═════ Exercise data

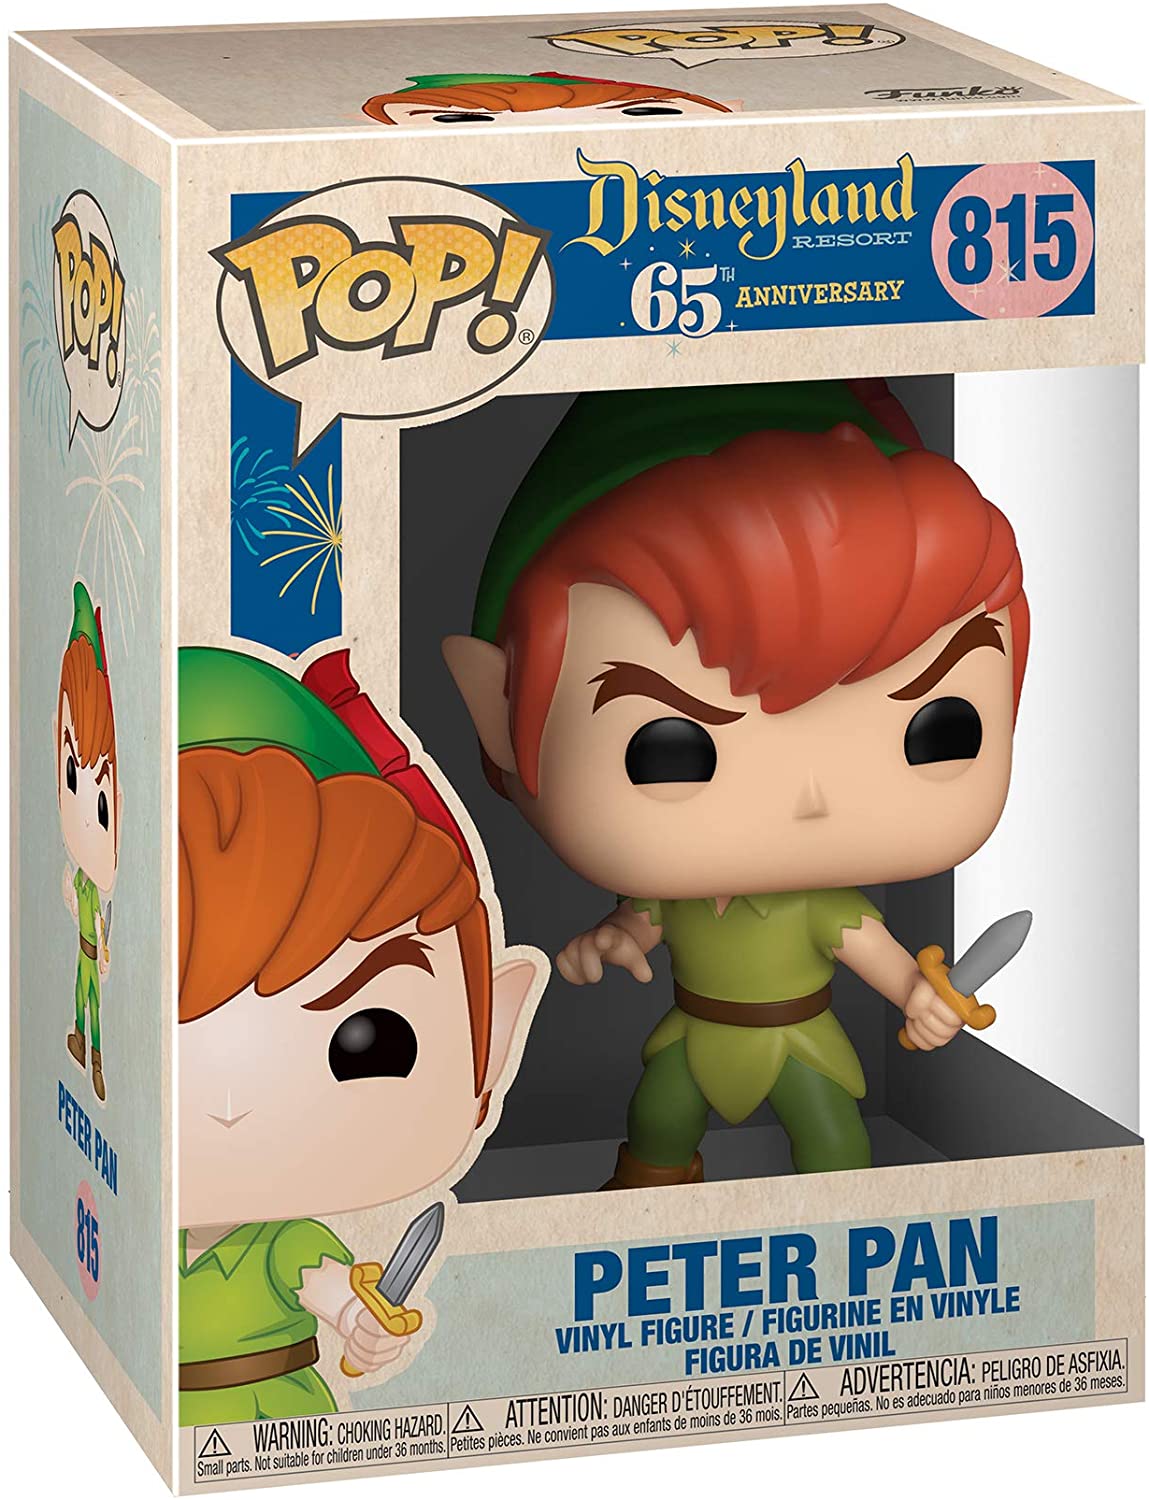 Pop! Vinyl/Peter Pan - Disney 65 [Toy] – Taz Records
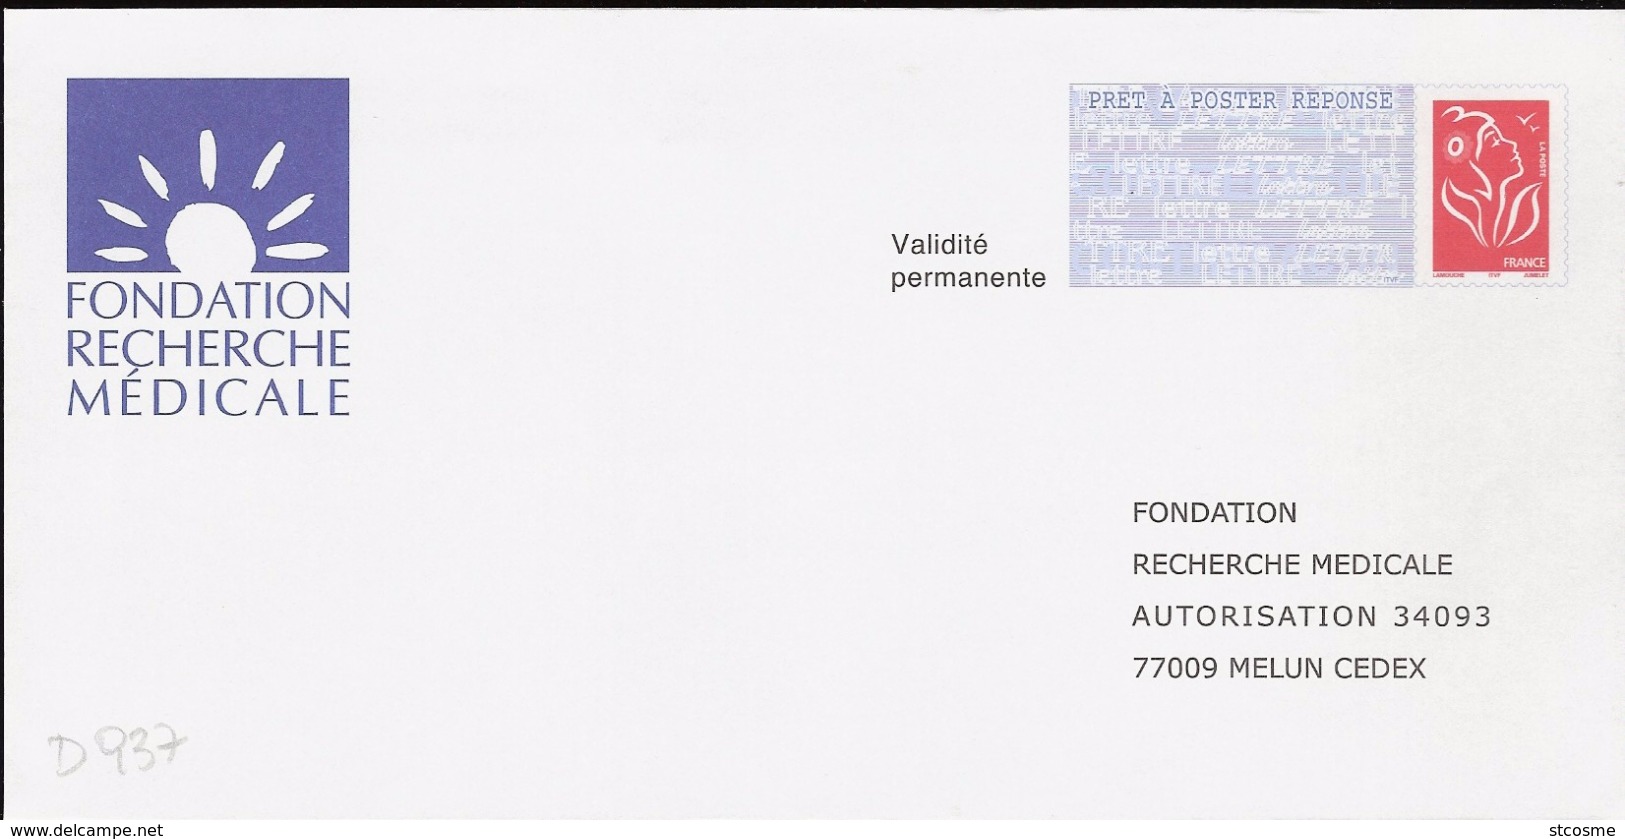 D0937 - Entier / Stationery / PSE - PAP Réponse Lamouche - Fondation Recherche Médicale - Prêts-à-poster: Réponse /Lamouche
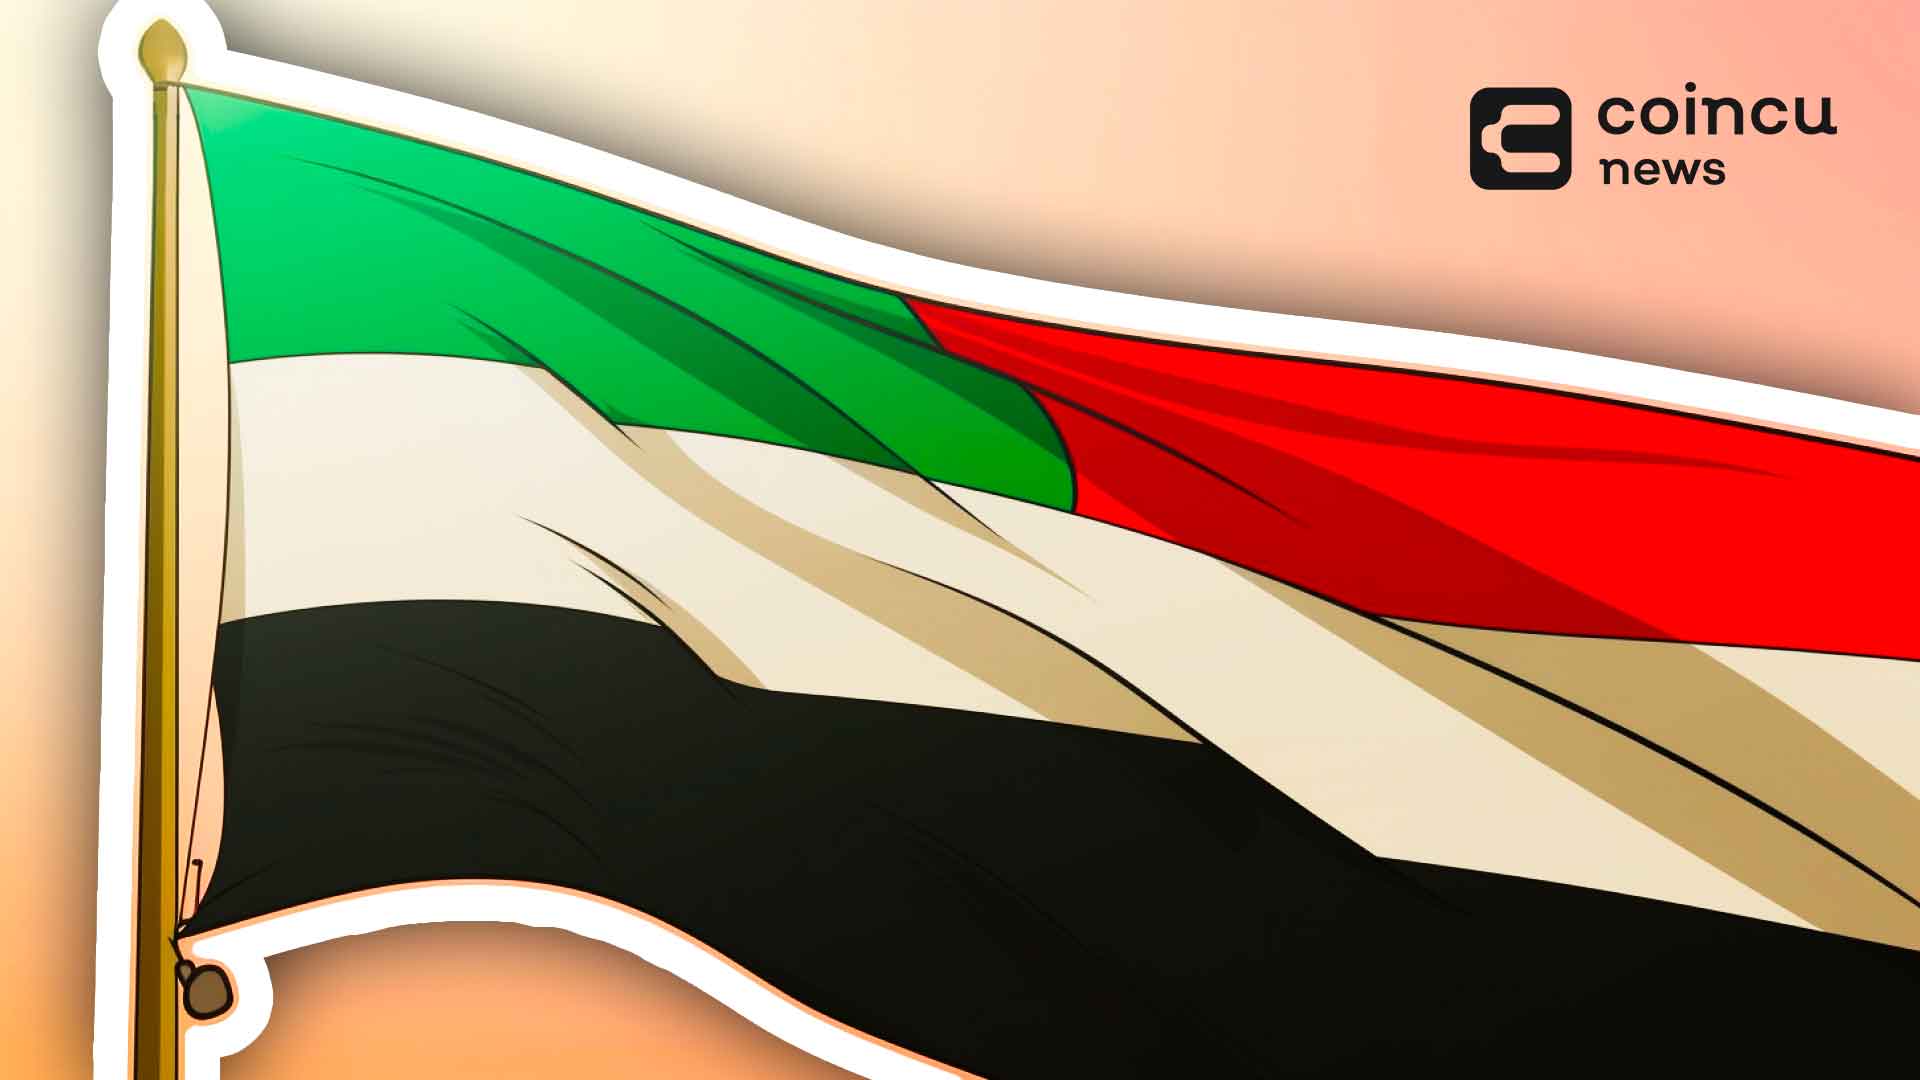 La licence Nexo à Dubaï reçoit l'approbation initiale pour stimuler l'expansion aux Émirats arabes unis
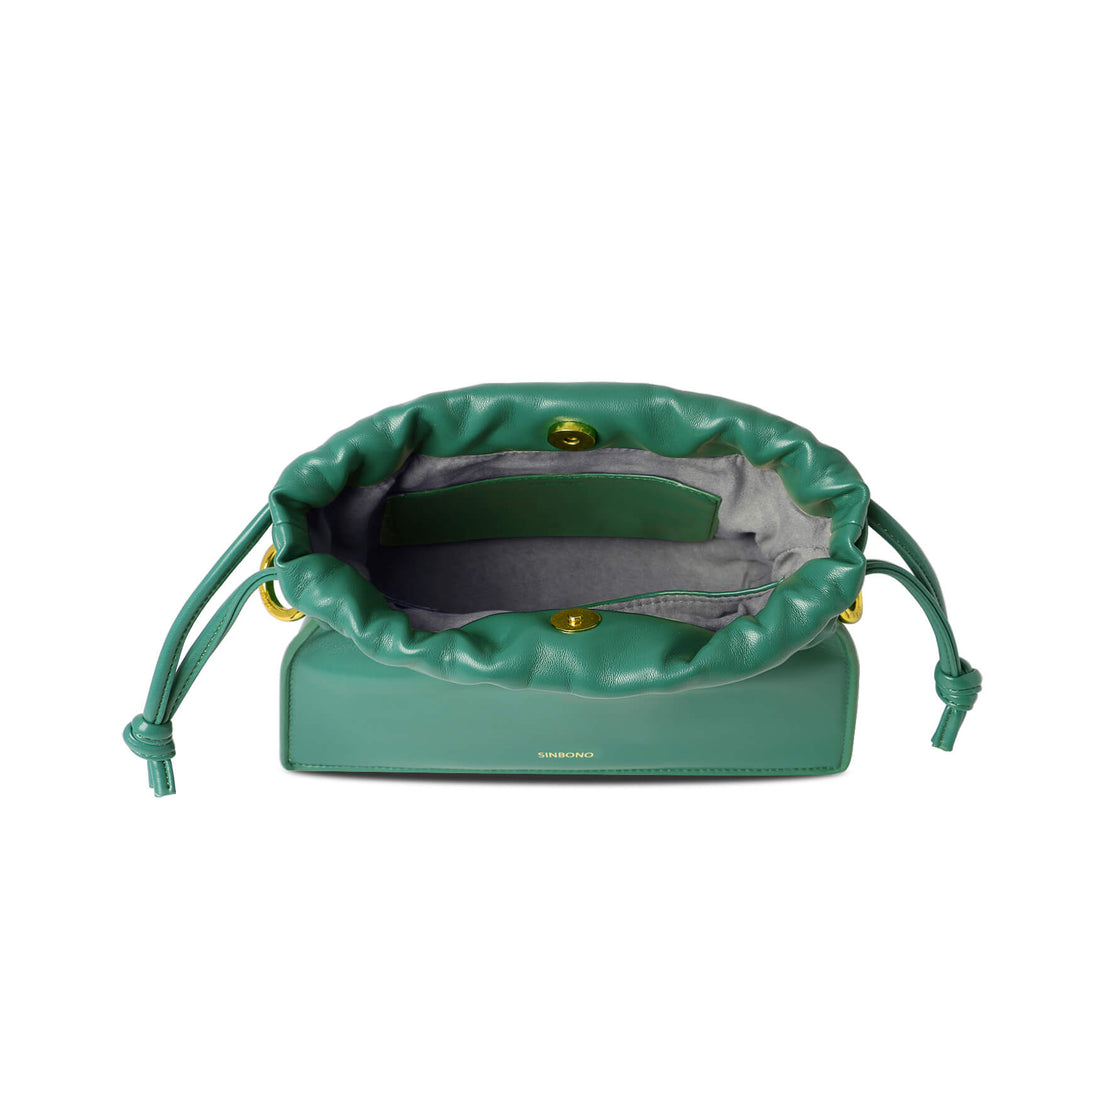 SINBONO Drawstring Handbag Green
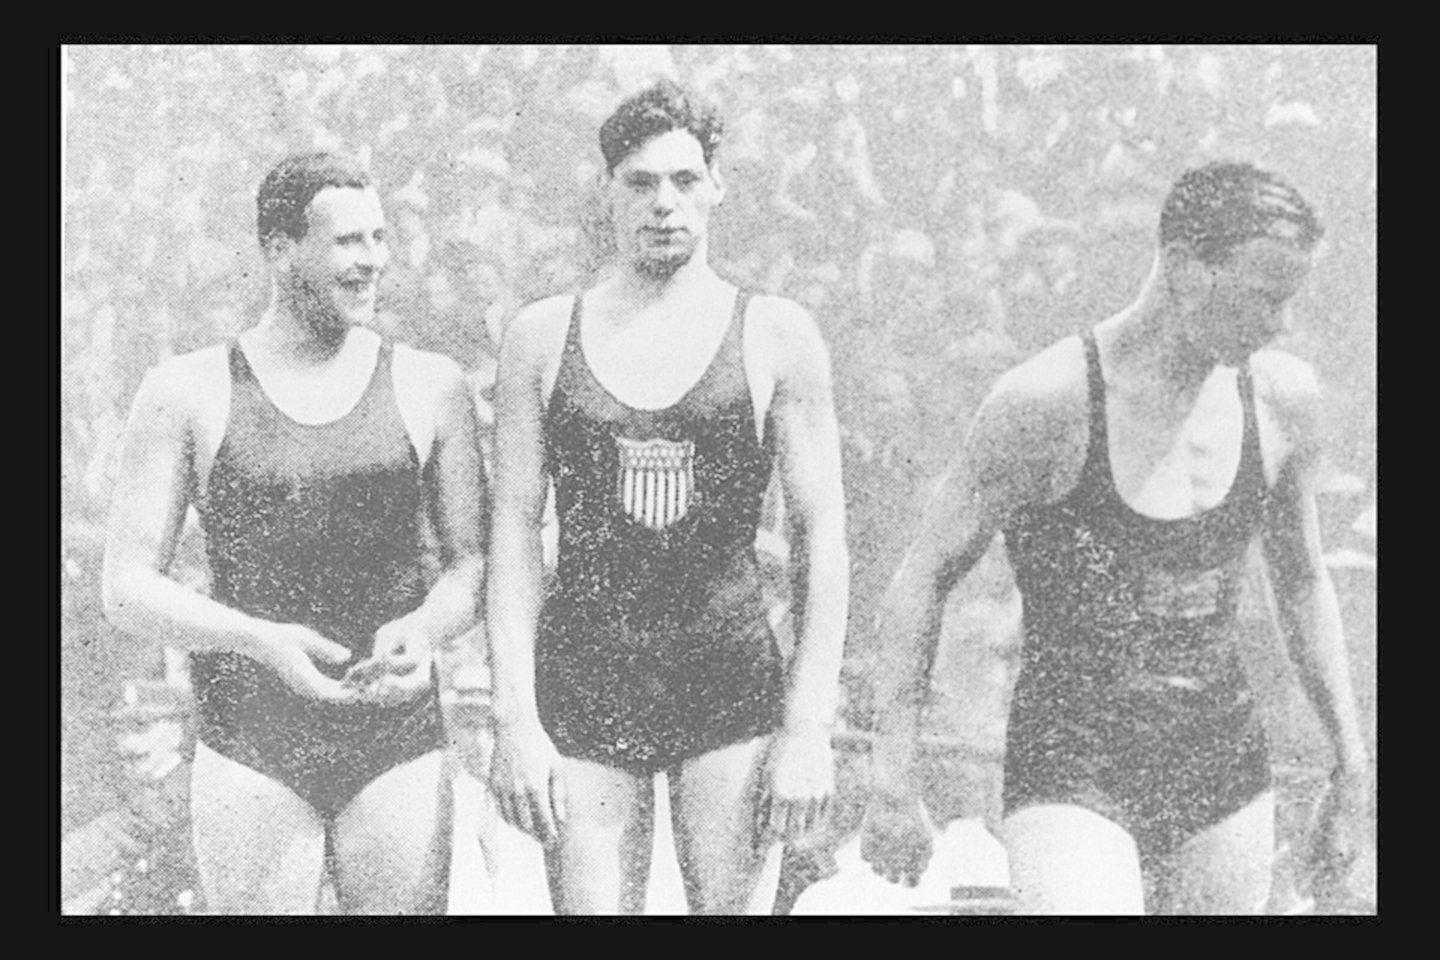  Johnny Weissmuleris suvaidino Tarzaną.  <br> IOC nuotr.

══════════

→ **Work to be completed**
Since the pictures are not wanted, copy only the text of the records above, exactly.

→ **Solved exercise**
 Pop! Vinyl/Peter Pan - Disney 65 [Toy] – Taz Records
 D0937 - Entier / Stationery / PSE - PAP Réponse Lamouche - Fondation Recherche Médicale - Prêts-à-poster: Réponse /Lamouche
 La licence Nexo à Dubaï reçoit l'approbation initiale pour stimuler l'expansion aux Émirats arabes unis
 SINBONO Drawstring Handbag Green
  Johnny Weissmuleris suvaidino Tarzaną.  <br> IOC nuotr.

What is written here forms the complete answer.